Sen. Thayer discloses his consulting firm clients, including two Central Kentucky horse farms
02/09/2012 08:49 AM
Seeking to quell questions about potential conflicts of interest with sponsoring a measure to expand gambling, Sen. Damon Thayer, R-Georgetown, disclosed the names of the four clients of his consulting business.
His firm, Thayer Communications and Consulting LLC, works for two Central Kentucky horse breeders, a Louisiana-based horse farm and the Kentucky Speedway motorsports racetrack.
Thayer has said he is likely to carry the governor’s proposed constitutional amendment to allow casino gambling. The measure is expected to allow up to five casinos at racetracks and up to two free-standing casinos.
Thayer’s clients became an issue after a Frankfort-based pastor raised questions about whether Thayer might personally benefit if his firm represented horse industry clients that could directly gain if Kentucky approves expanded gambling, as the Herald-Leader first reported. . That prompted Democratic Gov. Steve Beshear to rush to his defense.
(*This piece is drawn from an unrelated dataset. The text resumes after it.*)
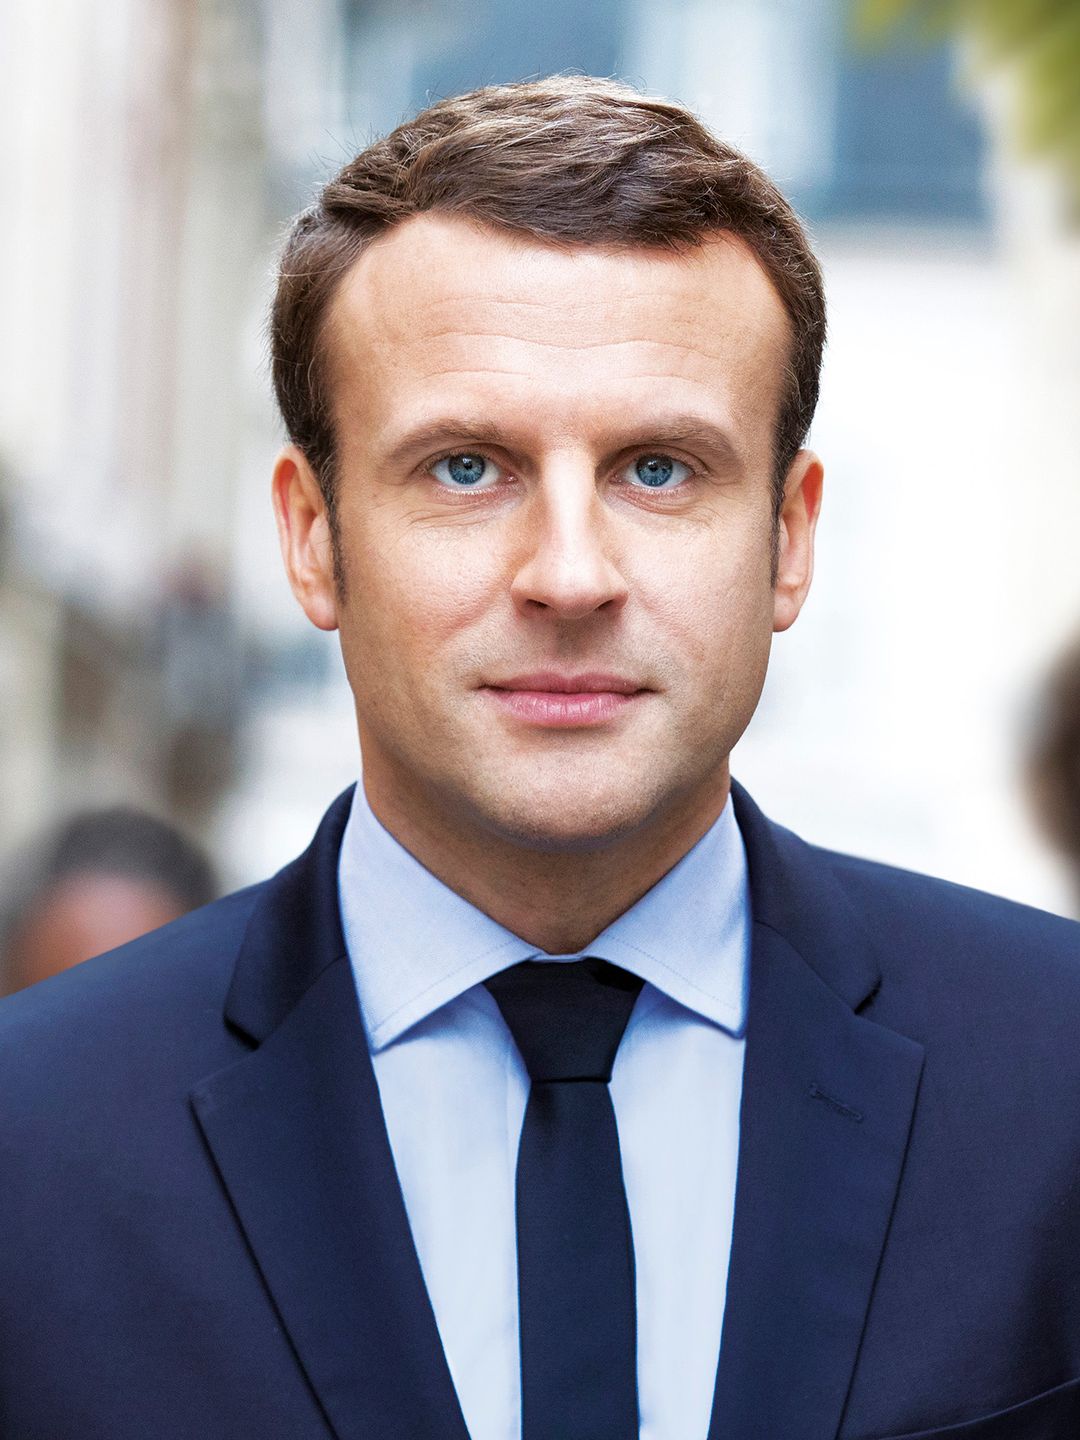 Emmanuel Macron siblings

Thayer’s client lists include two farms whose owners have politically supported both Thayer and Beshear in the past, as well as an out-of-state farm:
- — Lexington’s Millennium Farms, which is owned by Rosendo Parra of Austin, Texas. A review of campaign contributions shows that Parra and his wife, Cheryl, gave a total of $2,000 to Thayer in 2008. Millennium’s farm manager, Bobby Miller, gave Beshear $500 in 2007. Parra issued a statement, as well:
“Mr. Thayer is in my employ simply because of his knowledge of the industry and his Marketing/Public Relations expertise and for no other reason. There are no projects that Mr. Thayer does for my farm that have an impact on the legislative process, nor am I the beneficiary of that process,” Parra said.
- — Wintergreen Stallion Station in Midway. It is owned by John Greely. He contributed a total of $1,400 to Thayer between 2006 and 2011 and gave Beshear’s campaigns $2,000 between 2007 and 2011.
- — Whispering Oaks Farm in Carencro, La. It is owned by Carrol Castille, who frequently raced horses in the Breeder’s Cup. Thayer previously worked as public relations director for the Breeder’s Cup.
- — The Kentucky Speedway motorsports racetrack in Sparta.
Thayer requested a legislative ethics commission opinion about whether he could proceed with carrying the constitutional amendment if it would benefit the horse industry. (You can read the letter on PageOne Kentucky. )
“The implication that a legislator who wants to allow the people to decide an issue is somehow engaging in a conflict of interest is ludicrous. This is why more and more people don’t want to participate in politics these days,” Thayer said in the statement Thursday. “Personally destroying someone’s reputation is somehow more acceptable than just debating the issues and letting the best ideas rise to the top. I am offended that my integrity was called into question but am happy to put any questions to rest in the interest of moving this issue forward.”
Thayer hasn’t disclosed any of the details of the constitutional amendment, which requires approval of three-fifths of each legislative chamber, then ratification of voters.
The measure’s unveiling keeps getting pushed back because of uncertainty over the candidate filing deadline, as Lt. Gov. Jerry Abramson explained on Pure Politics this week.